There has never been a public enquiry into what happened. And none of them really understand why they were put in so much obvious danger. Liberal Democrat Norman Baker MP is so concerned about the situation that he has scheduled a press conference for tomorrow in the House of Commons, in which he will demand a public enquiry.

For some, an admission of culpability after all these years on behalf of the British Government may go some way to healing the wounds.

For others, it will be all too late. Stephen Davis is a veteran foreign correspondent, investigative reporter and contributor to the flagship US current affairs programme '60 Minutes'. His groundbreaking work led to the first TV interview with former MI6 agent Richard Tomlinson. His book 'The Secret Of Flight 149' will be published later this year

ESCAPE TO FREEDOM - THE PILOT'S STORY

Not all the BA149 passengers and crew were taken prisoner. Richard Brunyate, the pilot, spent the early days in captivity reassuring the passengers, but at night he could not sleep. His family had lived in Baghdad and his father Jack had mixed in senior political and social circles. But he had run foul of a fast-rising politician from Tikrit. The man's name was Saddam Hussein.

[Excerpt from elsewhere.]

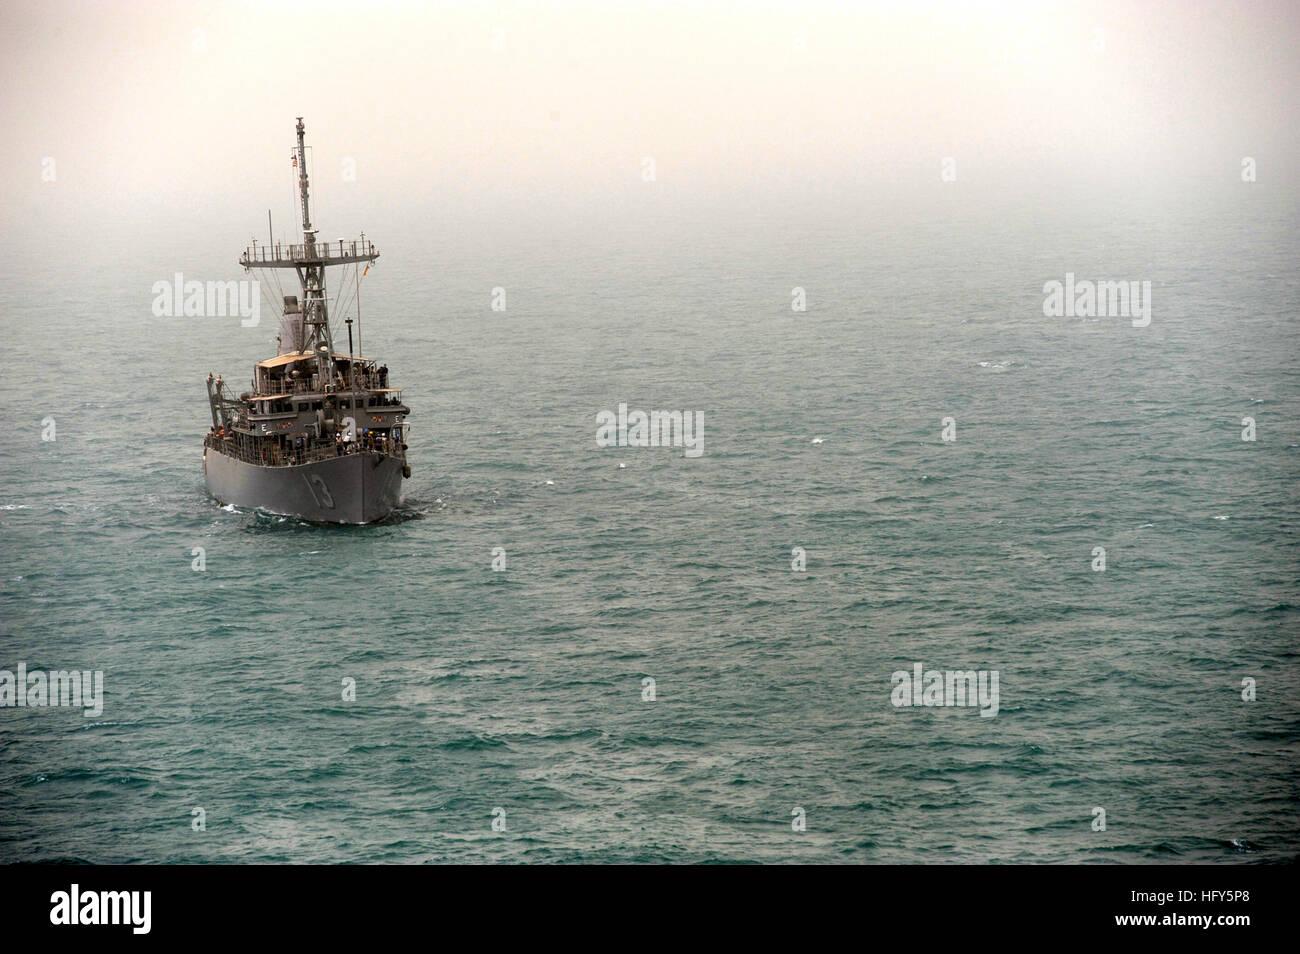 100423-N-0553R-013 ARABIAN GULF (April 23, 2010) The Avenger-class mine countermeasures ship USS Dextrous (MCM 13) - Stock Image

Brunyate knew that he had an unusual, and very recognisable, name and lived in fear that his family's run-in with Saddam would cost him his life.

Brunyate managed to make contact with the Kuwaiti resistance and escape with five other crew members.

They got into a vehicle parked outside the hotel and drove out of the car park. They reached a safe house without meeting any checkpoints.

Brunyate sent two colleagues back to the hotel to get more of the crew but they ran into a new checkpoint set up at the hotel. The two men were ordered out of their vehicle at gunpoint.

Coolly, they asked the Iraqis if they could park their car. The soldiers said yes so they drove it round a corner, abandoned it and walked as quickly as they dared back to the safe house.

Brunyate had made contact with a key resistance leader called Fahad, who risked everything to help them, despite his brother having been killed in the very early days of the invasion.

It was an agonising time - all the time Brunyate expected to be caught.

He noted his anxiety in his diary.

On August 18 he wrote: 'the good news is that the apartment we are hiding in has air conditioning, running water and plenty of food. We seem to have fallen on our feet. However, I am very nervous and constantly worried at the decision I have made. Sleep is difficult. There is a lot of shooting in the area, with tracer fire lighting up the night sky.' And on August 20: 'I have slept badly again. I am plagued by nightmares and all of us wait for the knock on the door which would end our freedom. I worry for Fahad, who is extraordinarily brave.' At the end of August Brunyate heard on Dubai TV that Saddam Hussein was letting female and child hostages go.

Brunyate managed to hook up the women in his group with a convoy leaving for Baghdad - and from there back to Britain. Brunyate and his crew men however had to elude capture for a further three months, when Saddam allowed all Westerners home.